This sourdough gingerbread muffin recipe blends organic ingredients and warm spices for a wholesome, festive treat that’s perfect for a cozy holiday gathering, a warm snack, or a Christmas breakfast!
Author:Kaitlynn Fenley
Prep Time:10 minutes
Cook Time:30 minutes
Total Time:40 minutes
Yield:12 muffins
Category:sourdough discard
Method:bake
Ingredients
Gingerbread Muffins
1 cup all-purpose flour
1 cup whole wheat flour
1/4 cup brown sugar, packed
1/2 teaspoon baking soda
1 teaspoon baking powder
1 tsp ground ginger
1/2 tsp cinnamon
1/4 tsp allspice
1/4 tsp nutmeg
1 teaspoon salt
3/4 cup molasses
1/2 cup grass-fed butter, room temperature soft*
1/2 cup sourdough starter, room temperature
2 teaspoons vanilla extract
1/3 cup whole milk, room temperature
2 eggs, room temperature
Eggnog icing
1/2 cup powdered sugar
2 tablespoons eggnog
Instructions
Preheat your oven to 350° F.
Line a muffin tin with paper liners.
In a medium-large mixing bowl, combine the flour, sugar, baking soda, baking powder, ginger, cinnamon, allspice, nutmeg, and salt.
In a separate bowl, combine the molasses, butter, sourdough starter, vanilla, milk, and two eggs. Whisk until combined. The butter may be clumpy, this is fine and helps keep the muffins moist.

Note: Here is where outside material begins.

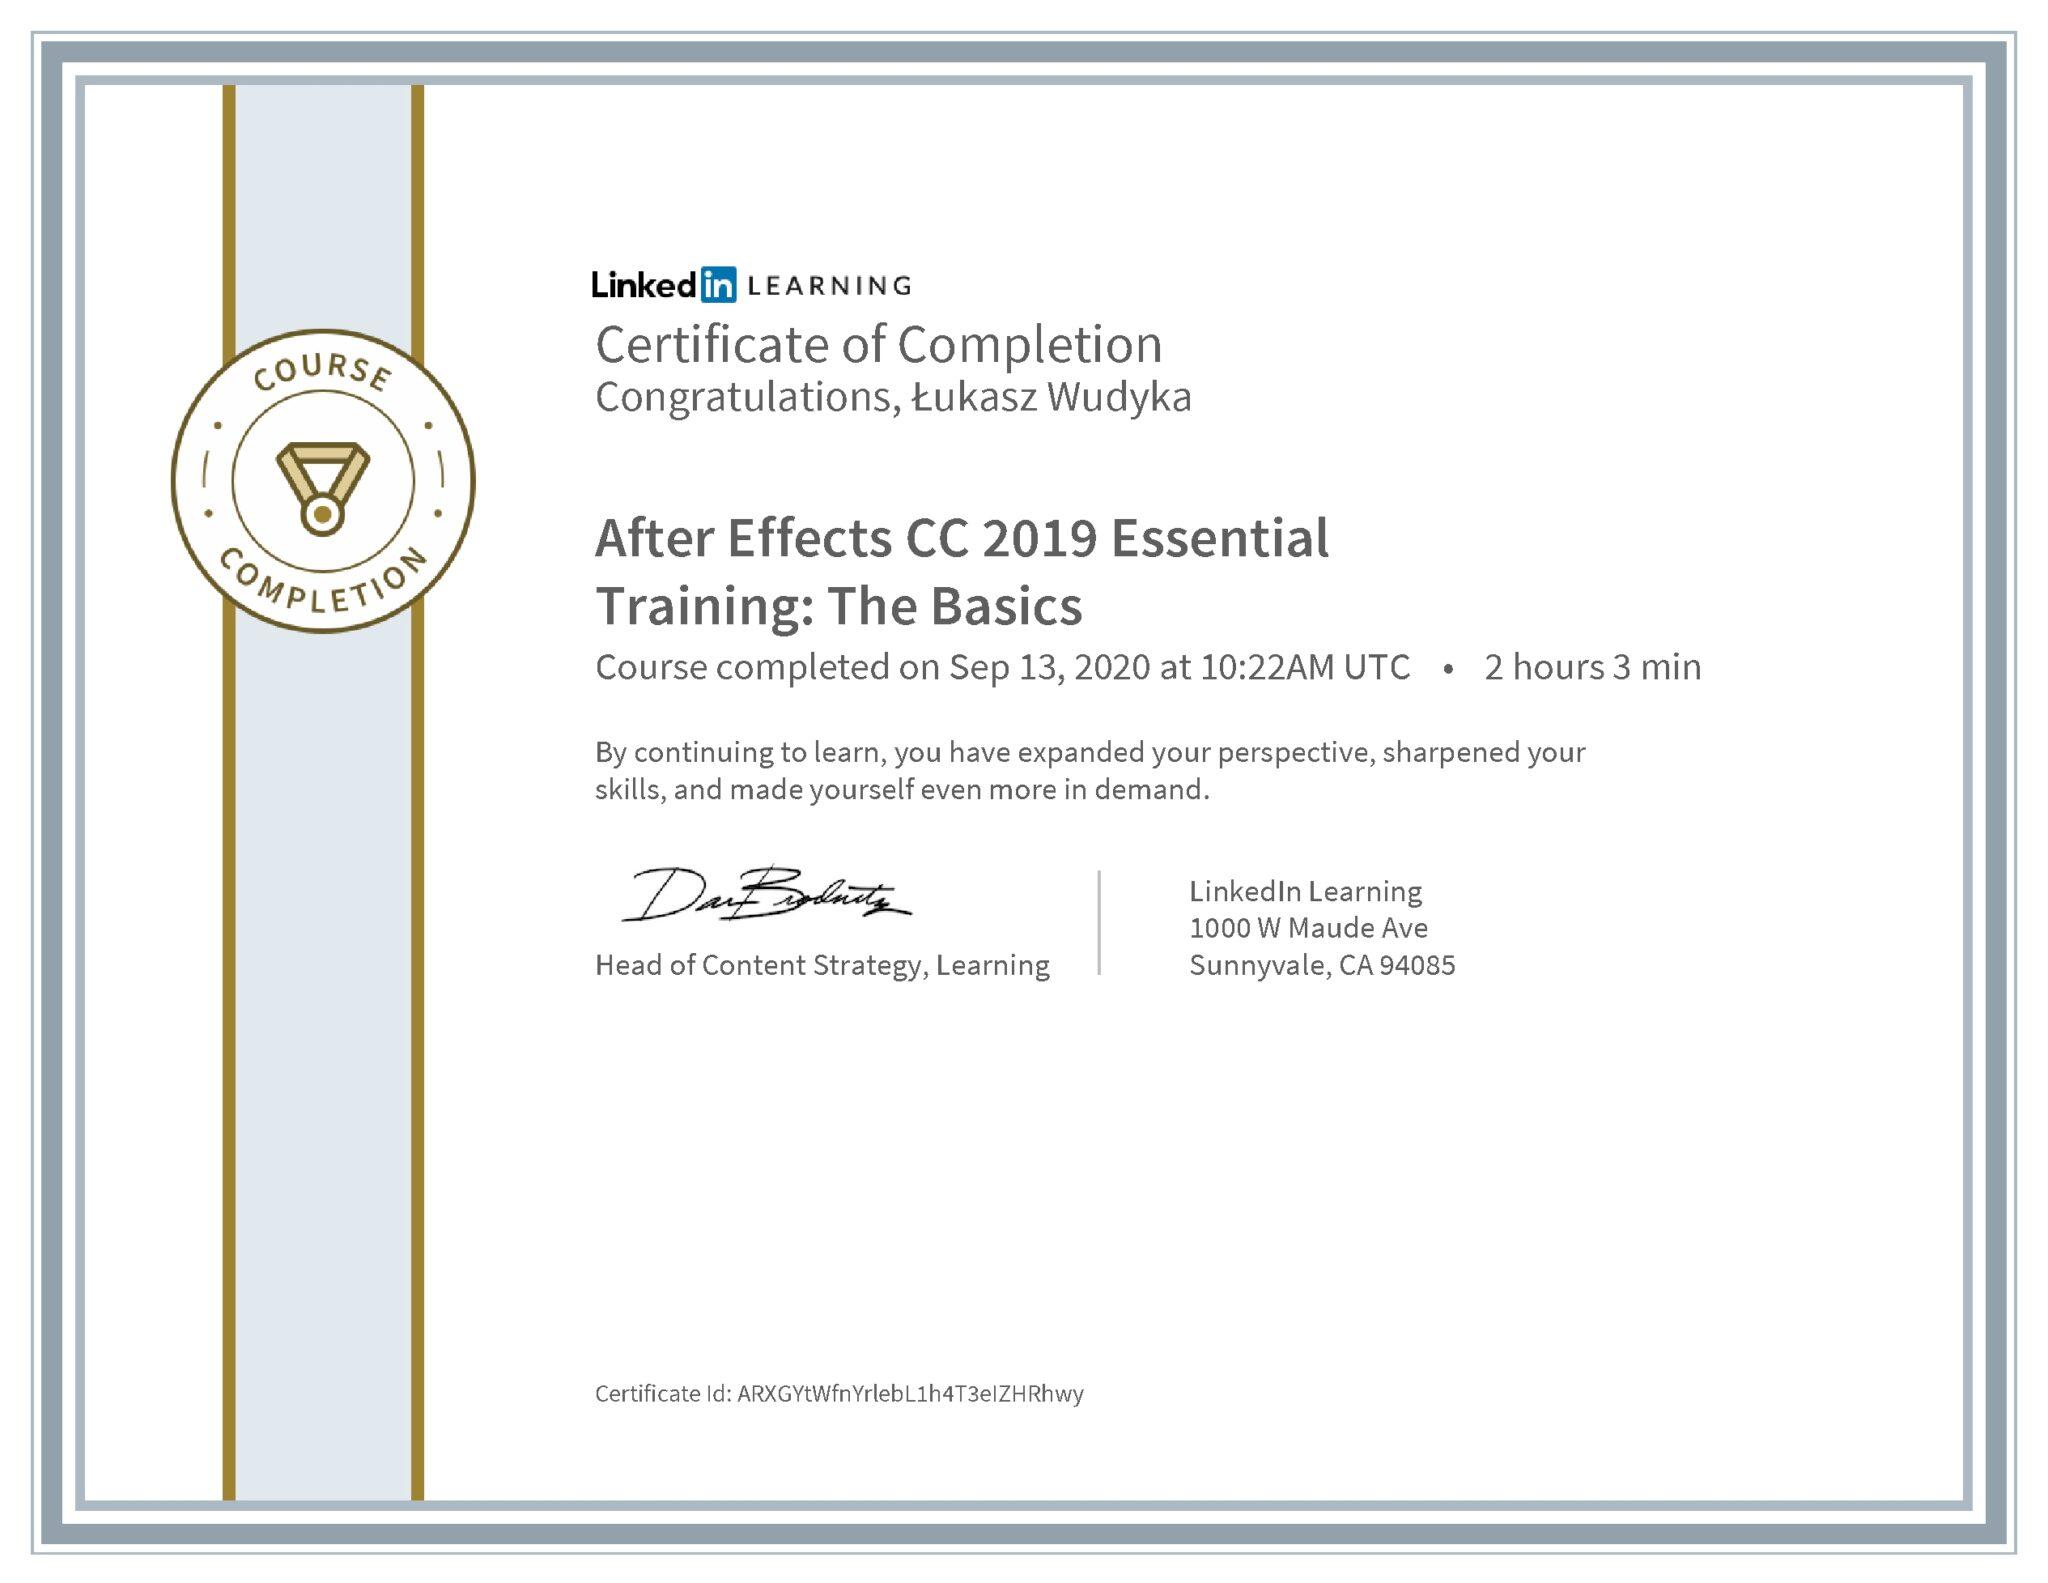 Łukasz Wudyka certyfikat LinkedIn After Effects CC 2019 Essential Training: The Basics

Gently fold the wet ingredients into the dry ingredients until everything is just combined. Do not over-mix. The batter should be thick, and it’s okay if there are clumps.
Spoon the batter into the lined muffin tins.
Bake for about 30 minutes total. Rotate the pan halfway through.
Allow to cool completely before topping with icing.
To make the icing, combine the eggnog and powdered sugar in a small bowl.